Using only the entries below, copy exactly the lines that begin at the one with "Vinkelslip GWS 18-125 V-LI Professional" and end at the one with "Jean-Paul-Gaultier-Haute-couture-Ete-2020-12", both included. Drop the pictures.

#### TASK INPUTS:
══════════════════════════════
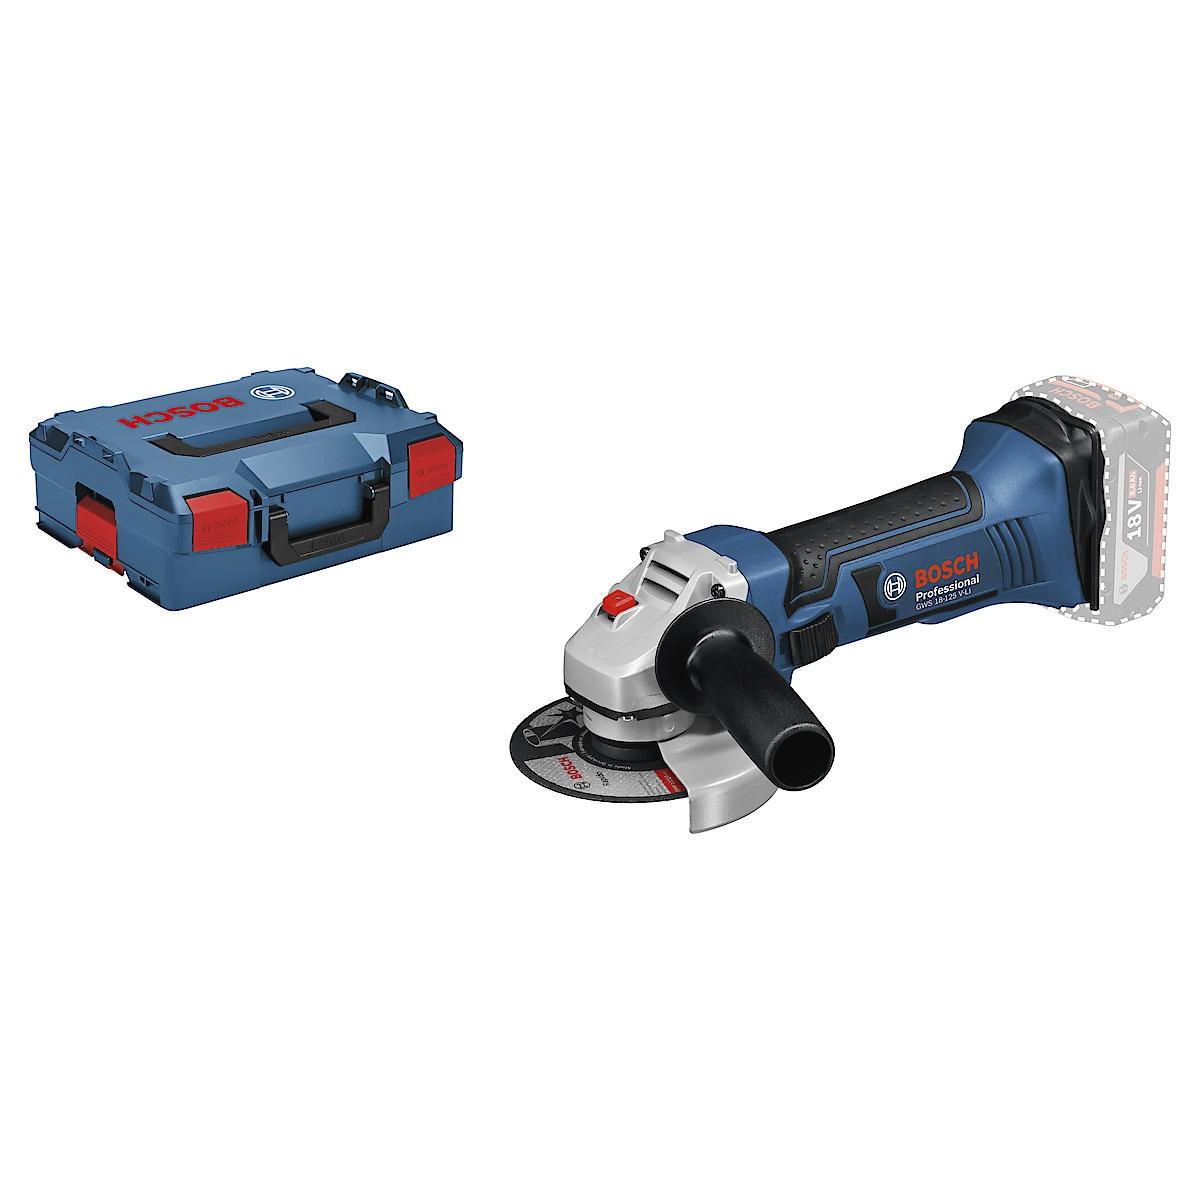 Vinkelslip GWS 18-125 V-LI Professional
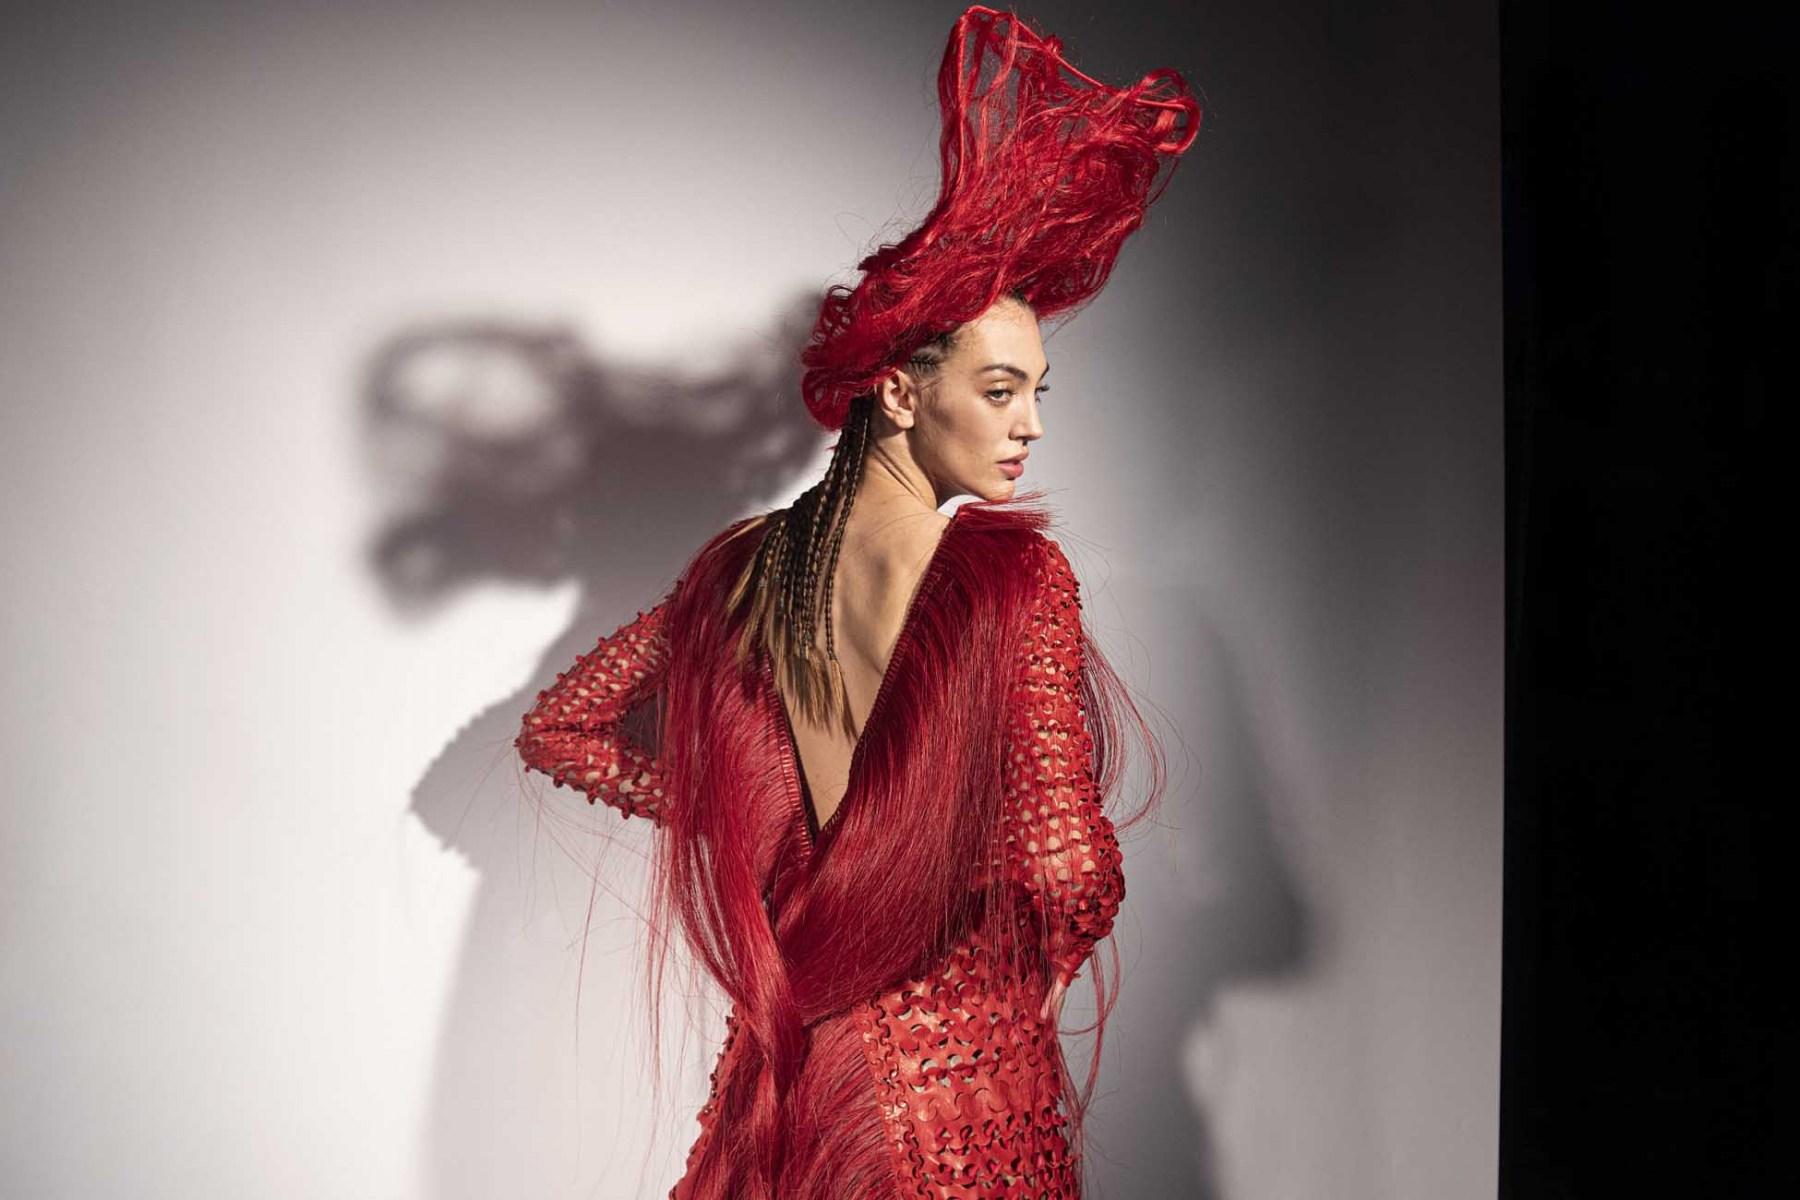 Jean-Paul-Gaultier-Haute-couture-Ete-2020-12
══════════════════════════════
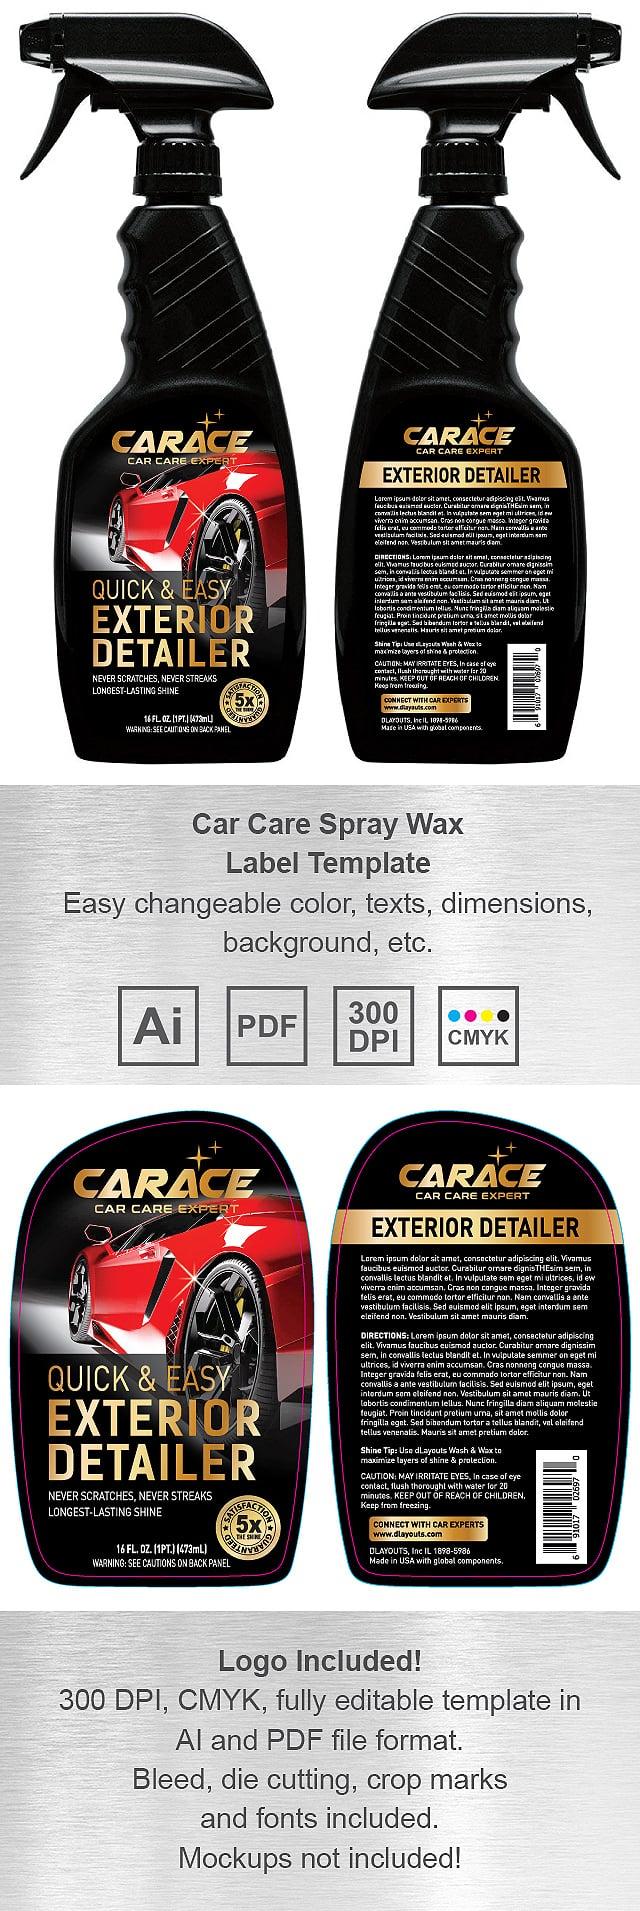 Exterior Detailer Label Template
══════════════════════════════
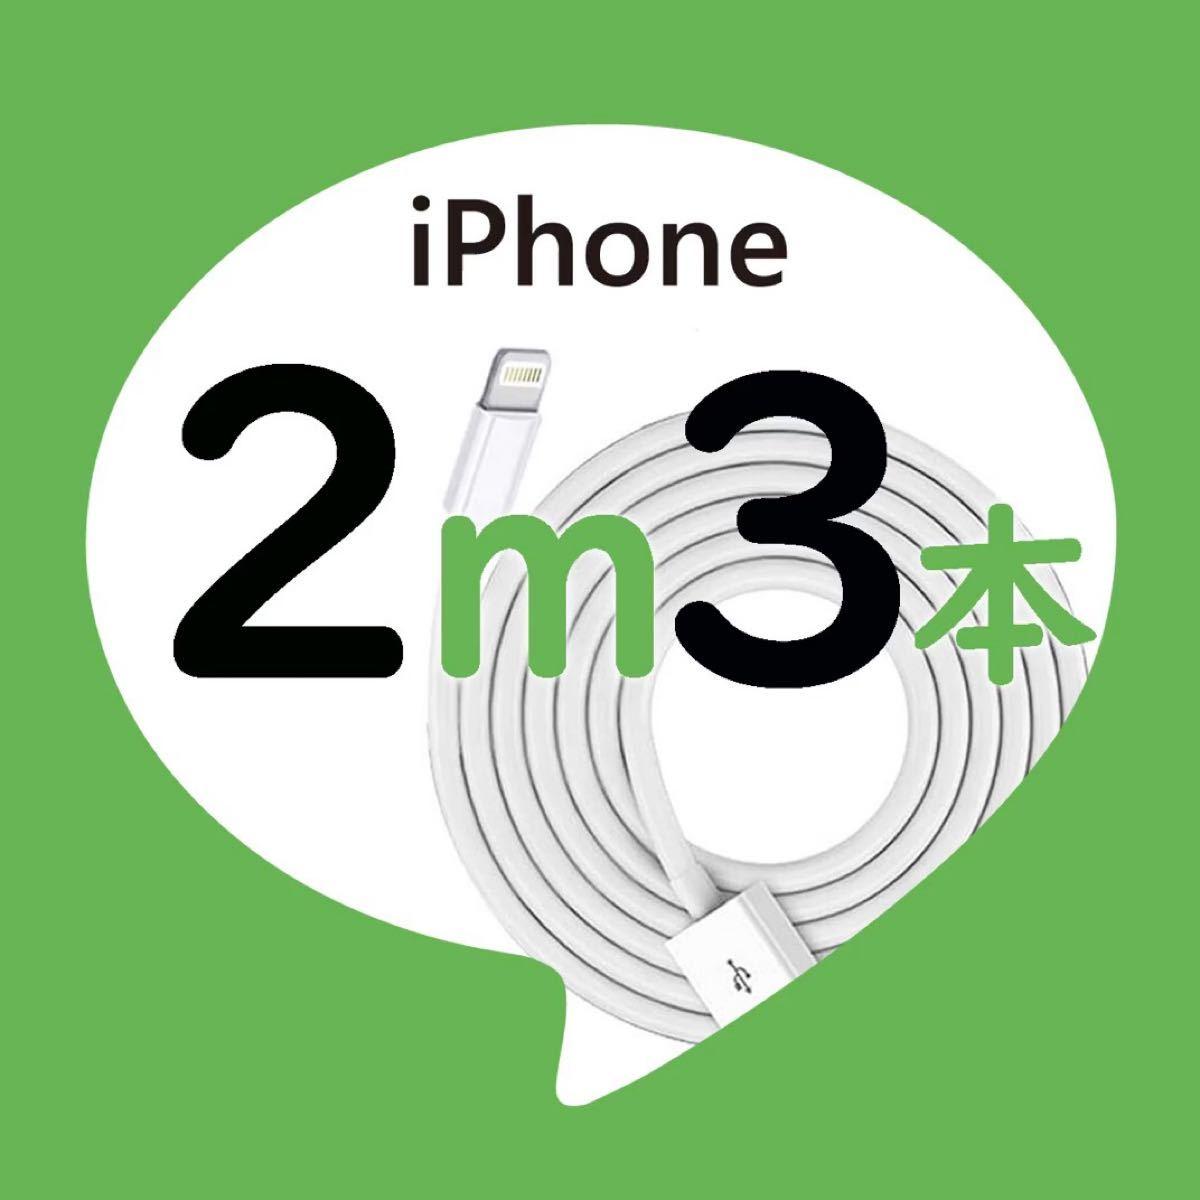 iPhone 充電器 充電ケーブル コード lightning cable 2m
══════════════════════════════
#### EXERCISE RESULT:
 Vinkelslip GWS 18-125 V-LI Professional
 Jean-Paul-Gaultier-Haute-couture-Ete-2020-12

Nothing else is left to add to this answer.